[THE DATA]
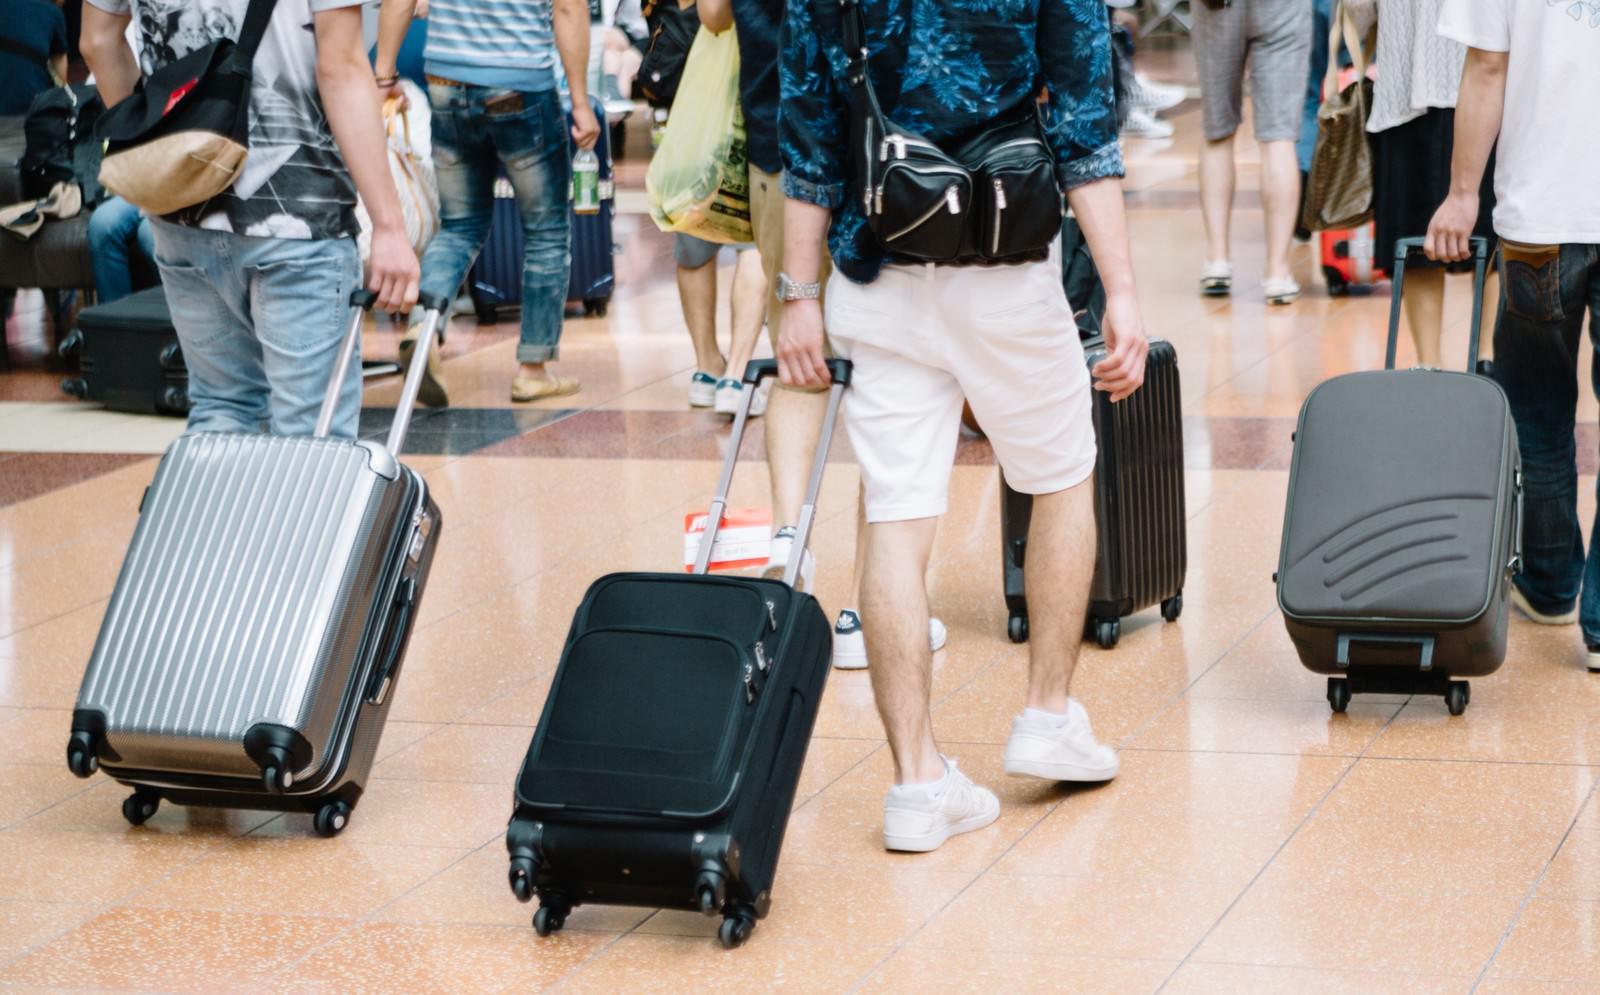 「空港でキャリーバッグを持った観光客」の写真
[/THE DATA]
[THE DATA]
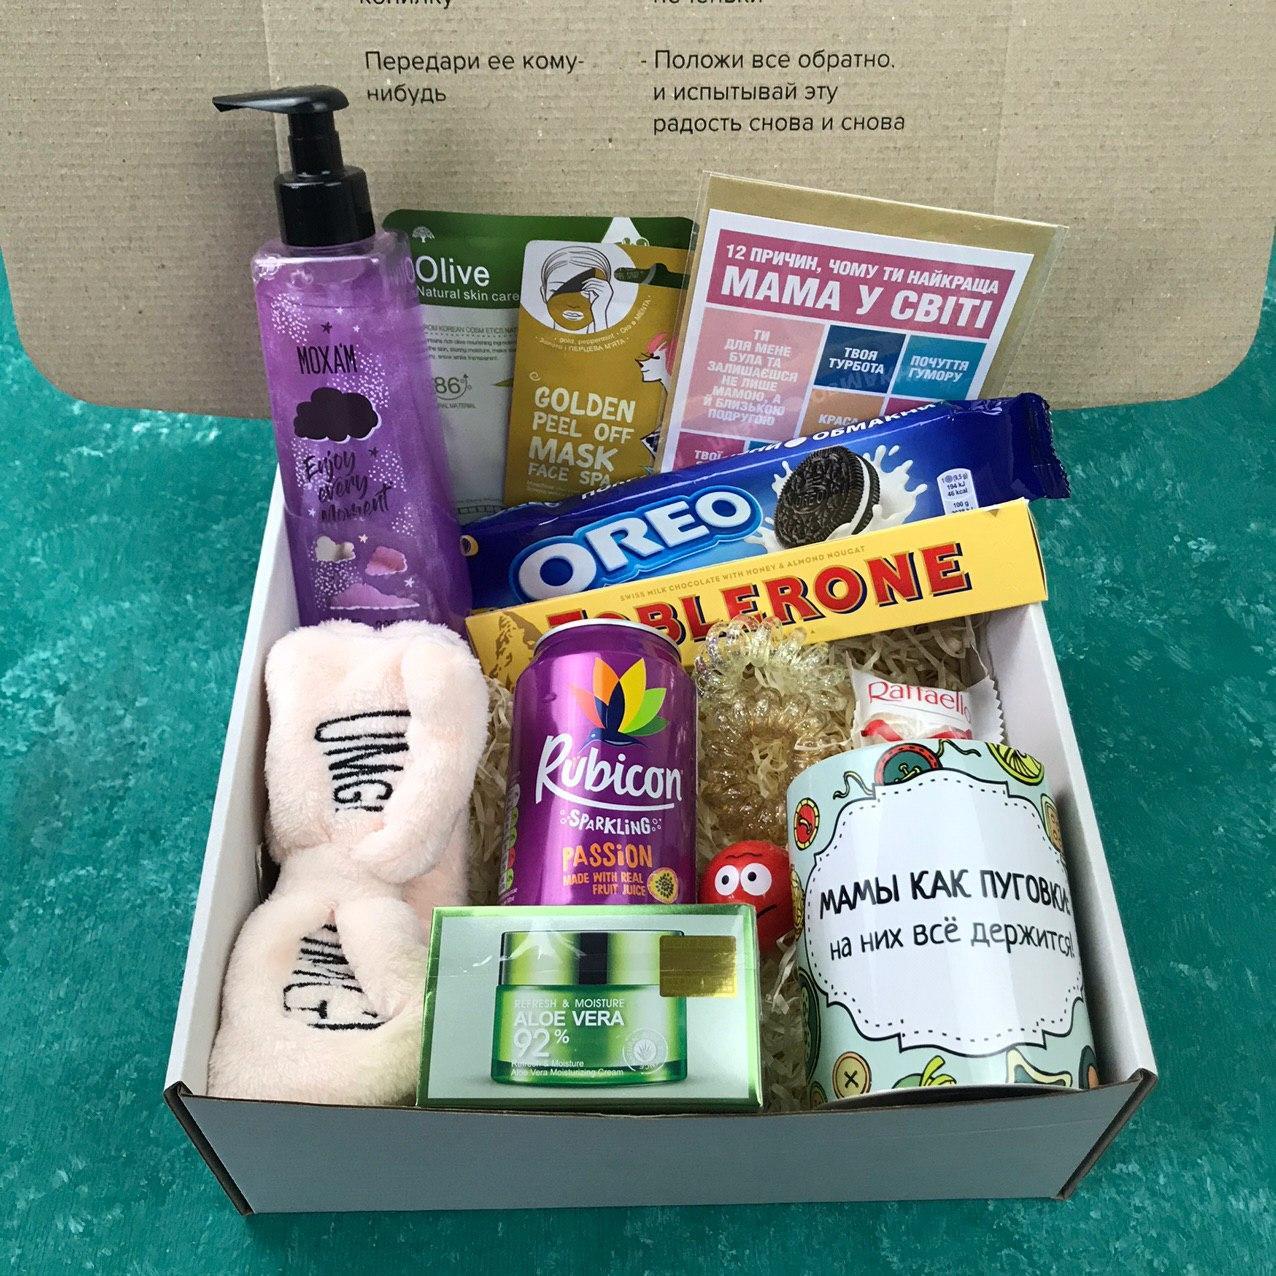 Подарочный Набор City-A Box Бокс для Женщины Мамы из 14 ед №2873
[/THE DATA]
[THE DATA]
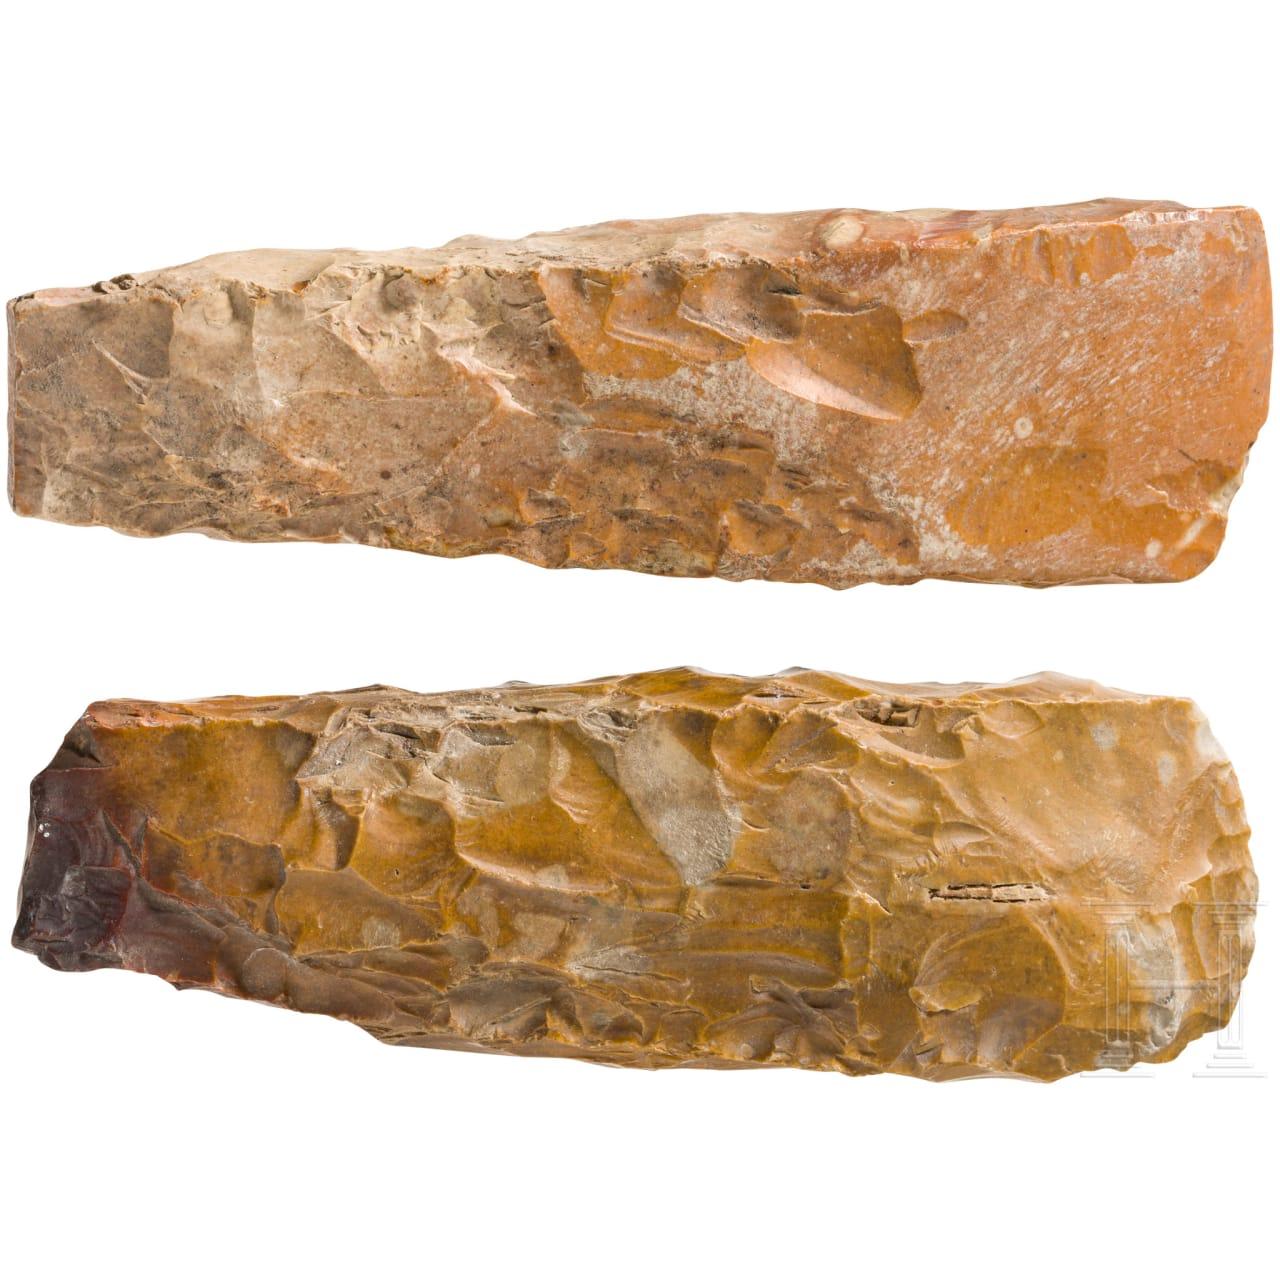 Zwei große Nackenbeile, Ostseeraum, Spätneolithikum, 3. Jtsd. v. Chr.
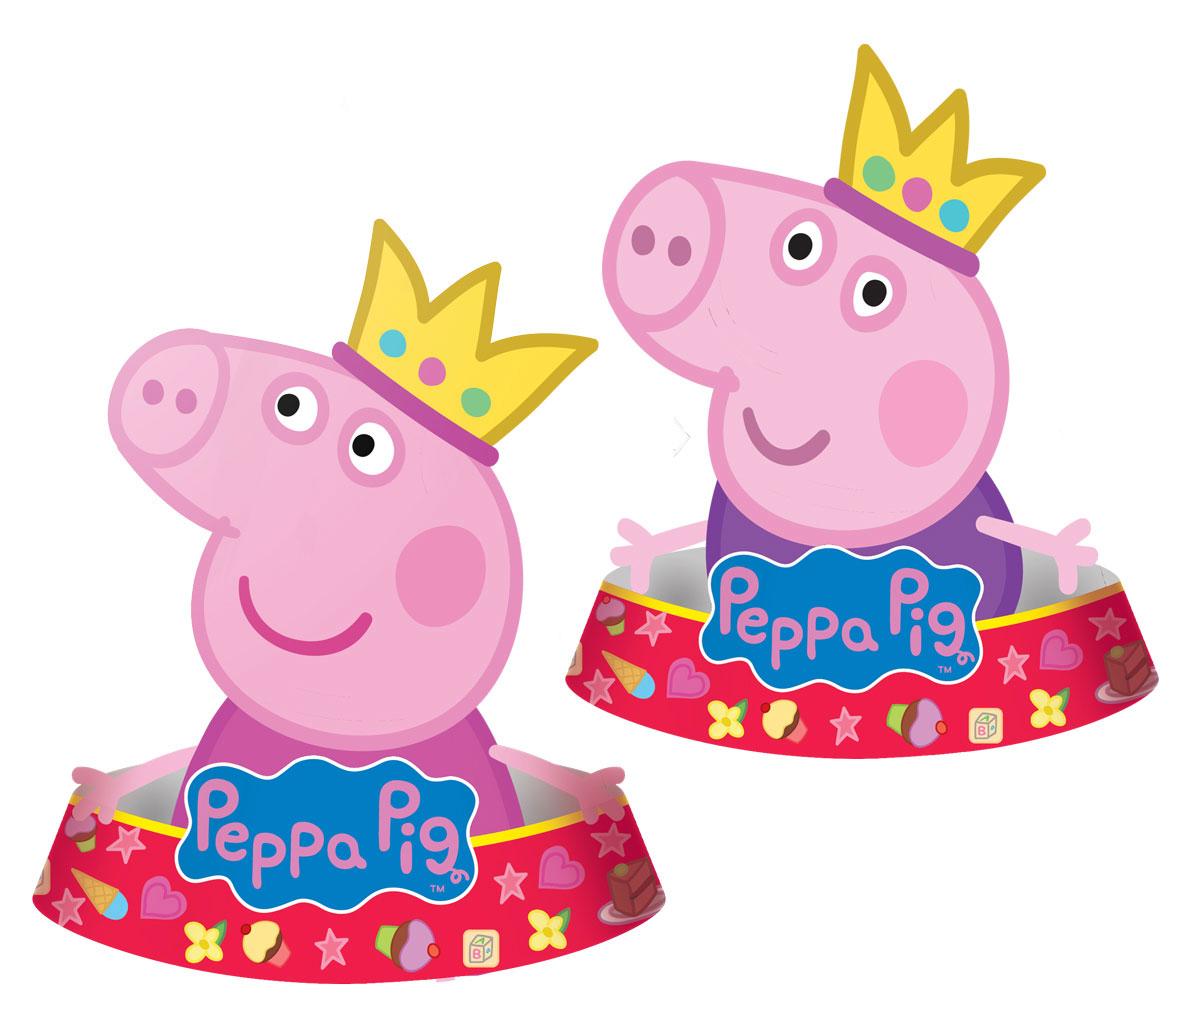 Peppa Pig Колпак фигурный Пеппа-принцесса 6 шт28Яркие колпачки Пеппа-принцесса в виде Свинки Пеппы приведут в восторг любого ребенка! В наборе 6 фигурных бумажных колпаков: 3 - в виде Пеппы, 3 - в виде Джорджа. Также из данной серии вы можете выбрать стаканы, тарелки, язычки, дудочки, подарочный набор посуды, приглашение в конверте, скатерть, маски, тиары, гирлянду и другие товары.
[/THE DATA]
_THE TASK:_ Range to copy from the records above: the line containing "Zwei große Nackenbeile, Ostseeraum, Spätneolithikum, 3." to the line containing "Peppa Pig Колпак", both included. Output those lines exactly and only those, skipping pictures.

_TASK RESULT:_
 Zwei große Nackenbeile, Ostseeraum, Spätneolithikum, 3. Jtsd. v. Chr.
 Peppa Pig Колпак фигурный Пеппа-принцесса 6 шт28Яркие колпачки Пеппа-принцесса в виде Свинки Пеппы приведут в восторг любого ребенка! В наборе 6 фигурных бумажных колпаков: 3 - в виде Пеппы, 3 - в виде Джорджа. Также из данной серии вы можете выбрать стаканы, тарелки, язычки, дудочки, подарочный набор посуды, приглашение в конверте, скатерть, маски, тиары, гирлянду и другие товары.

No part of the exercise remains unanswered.